Experto en la geografía. Él conocía a la perfección las bahías y los montes por haber estado varias veces en las islas. Curiosamente, mientras luchaba allá, en su casa de Buenos Aires pasaban cosas extrañas. POR Gretel Gaffoglio
  • Mirada. A Gretel Gaffoglio el mar le trae recuerdos sobre el rol de su padre en Malvinas. Mirada. A Gretel Gaffoglio el mar le trae recuerdos sobre el rol de su padre en Malvinas.
  • El capitán Adolfo Gaffoglio, jefe del Apostadero Naval Malvinas, única unidad de la Armada creada en ese rincón del territorio nacional. El capitán Adolfo Gaffoglio, jefe del Apostadero Naval Malvinas, única unidad de la Armada creada en ese rincón del territorio nacional.
  • La bandera argentina flamea en el Apostadero Naval Malvinas. La bandera argentina flamea en el Apostadero Naval Malvinas.

La noche que hundieron al crucero ARA General Belgrano, en plena guerra de Malvinas, mi hermano tuvo un paro cardiorrespiratorio. Tras escuchar unos extraños ronquidos, mi madre se despertó en la mitad de la noche y vio que mi hermano de solo cuatro años, yacía tieso, inerte, junto a ella en su cama matrimonial. Antes, ese mismo día, luego de ver las noticias del hundimiento del Belgrano en la TV, mi hermano se había puesto a jugar con las pertenencias de mi padre. Se disfrazó de soldado, agarró un casco verde –uno de verdad–, y jugó a que él solo vencía a todos los ingleses. Mi madre se conmovió y se lo llevó a dormir con ella.
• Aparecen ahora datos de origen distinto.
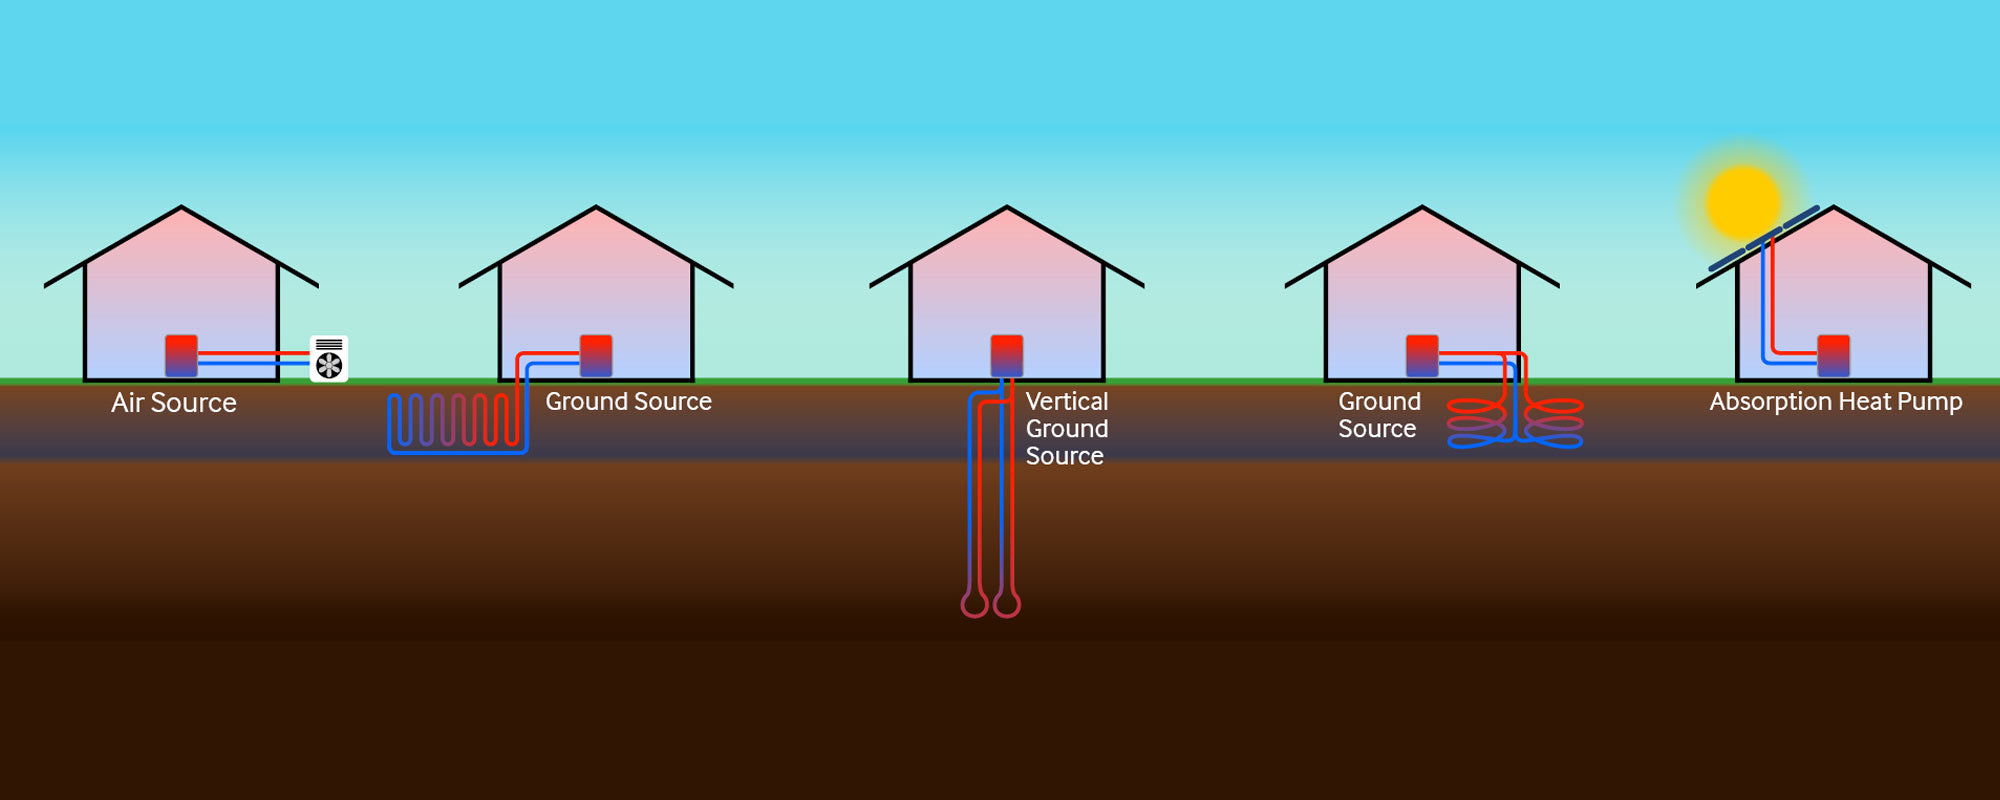 different types of heat pumps illustration

Pero ahora, él ya no respiraba; su corazón se había detenido en la mitad de la noche y de repente. Mamá de un tirón lo sacó de la cama y lo apoyó en el piso buscando una superficie dura. A los gritos nos despertó para que fuéramos a socorrerla. Al entrar en la habitación vi a hermano que yacía inmóvil, con los ojos cerrados y la piel violeta. Como si integrara el elenco estelar de una película de terror, ahora mis ojos presenciaban, en vivo y en directo, la muerte súbita de mi hermano; tan indefenso, tan amado; tan chiquito. Pero mamá es médica y con ambos brazos presionó su pecho varias veces, luego le apretó la mandíbula por fuera de las muelas para entreabrir su boca sellada e insuflarle aire.
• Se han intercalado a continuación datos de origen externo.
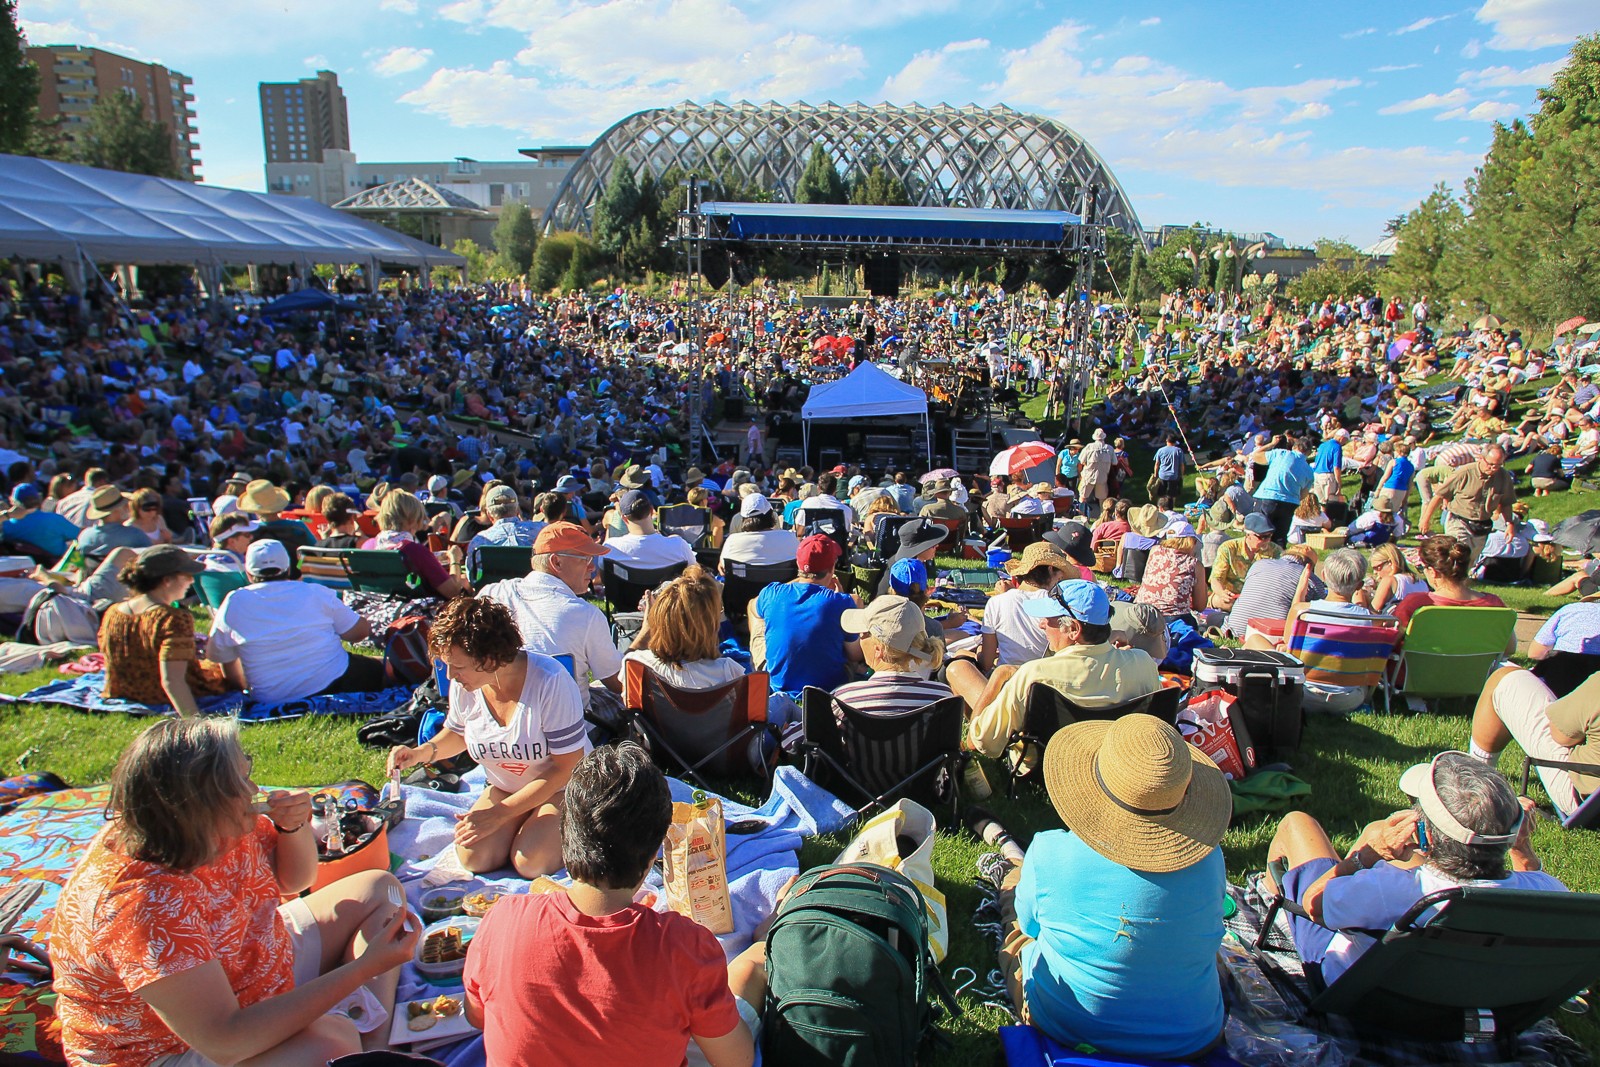 Denver Botanic Gardens Concert Seating Capacity Fasci Garden

A la batalla que libraba mi padre junto a muchos otros argentinos en la Guerra de Malvinas, ahora se sumaba la peor de las batallas. O la más vívida: la que protagonizábamos mi madre, mi abuela, mis dos hermanas y yo. En medio de nuestros llantos y los gritos de mi abuela en el balcón pidiendo auxilio, mamá nos urgió a que llamáramos a una ambulancia. Mientras, tanto, nos turnábamos entre todas para hacerle RCP y respiración boca a boca. Vivíamos en el último piso de una torre en Barrancas de Belgrano. Los vecinos del departamento de enfrente se despertaron y salían a los balcones.

–Ya llamamos dos veces a la ambulancia– le gritaban a mi abuela de balcón a balcón.
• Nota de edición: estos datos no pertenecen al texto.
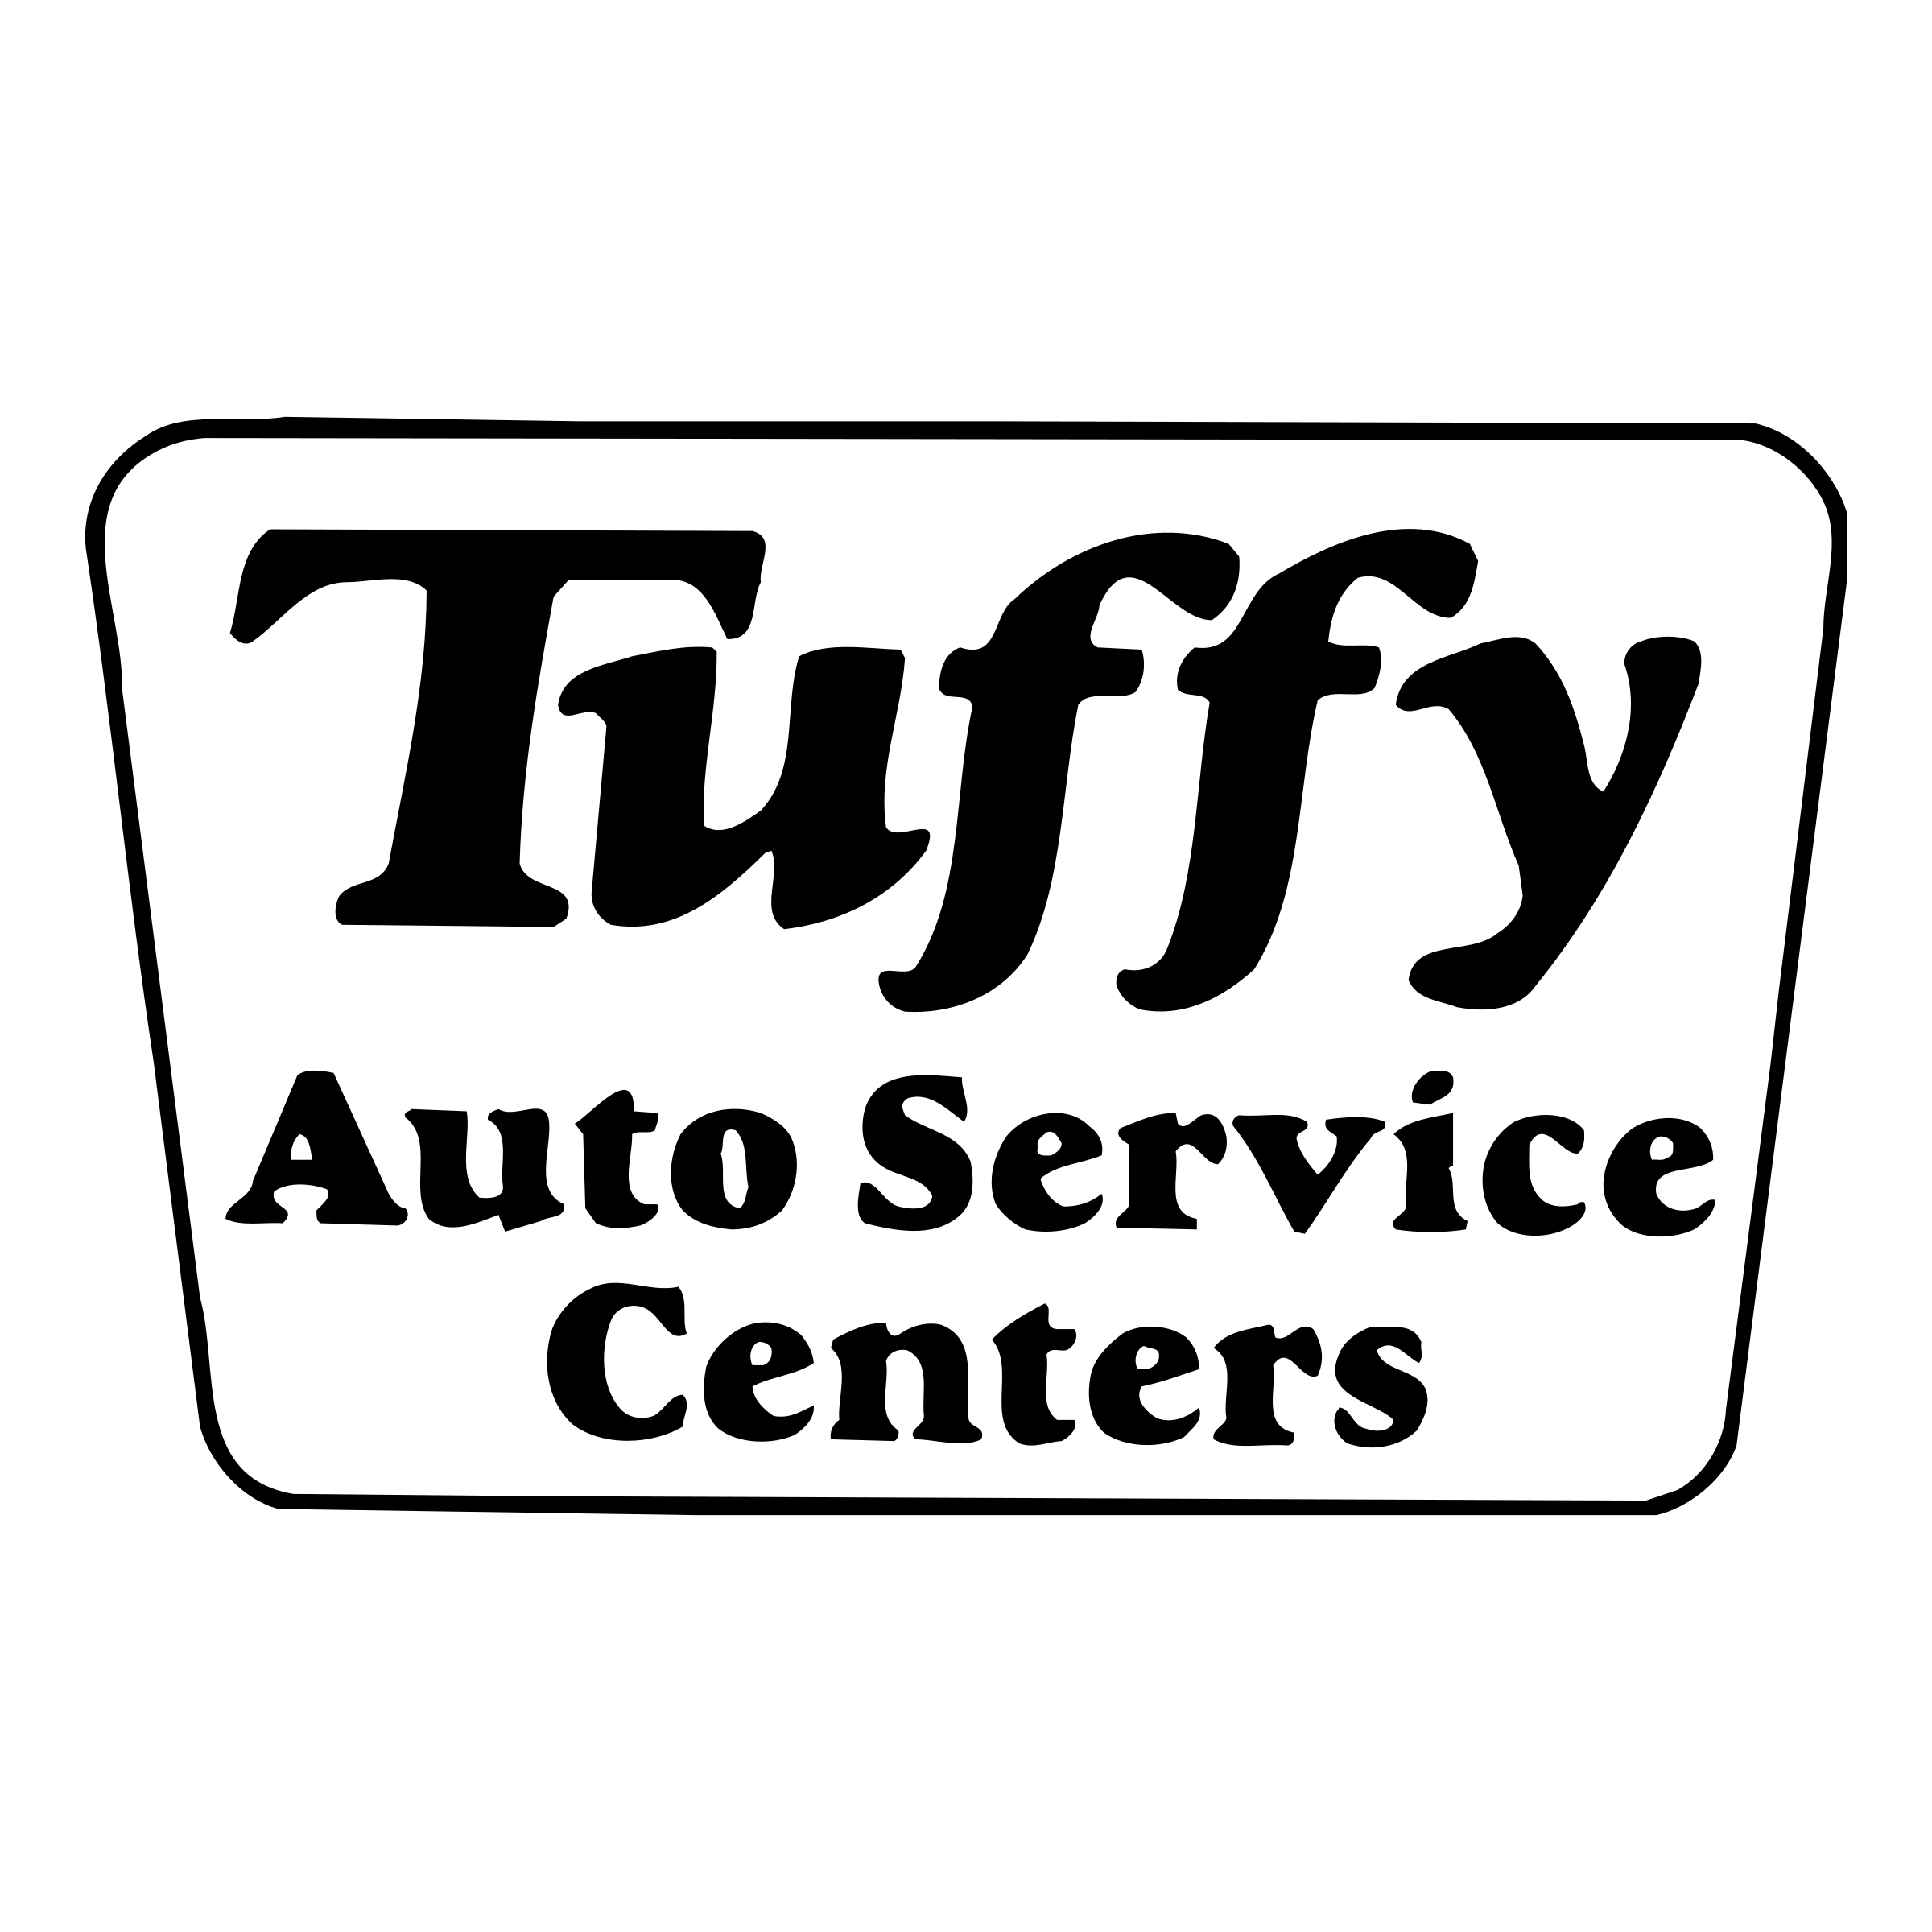 Tuffy Logo - Tuffy Logo PNG Transparent & SVG Vector - Freebie Supply

Pero ellos –tal vez perturbados ante los gritos en medio de la noche oscura o por solidaridad –, no se iban. Permanecían allí parados y quietos, enfundados en sus camisones claros y en silencio. Parecían fantasmas. Y esos fantasmas, el preludio de un final mucho peor.

Minutos interminables peleamos las cuatro mujeres por la vida de mi hermano. Mi abuela era una señora muy mayor y continuaba gritando en el balcón.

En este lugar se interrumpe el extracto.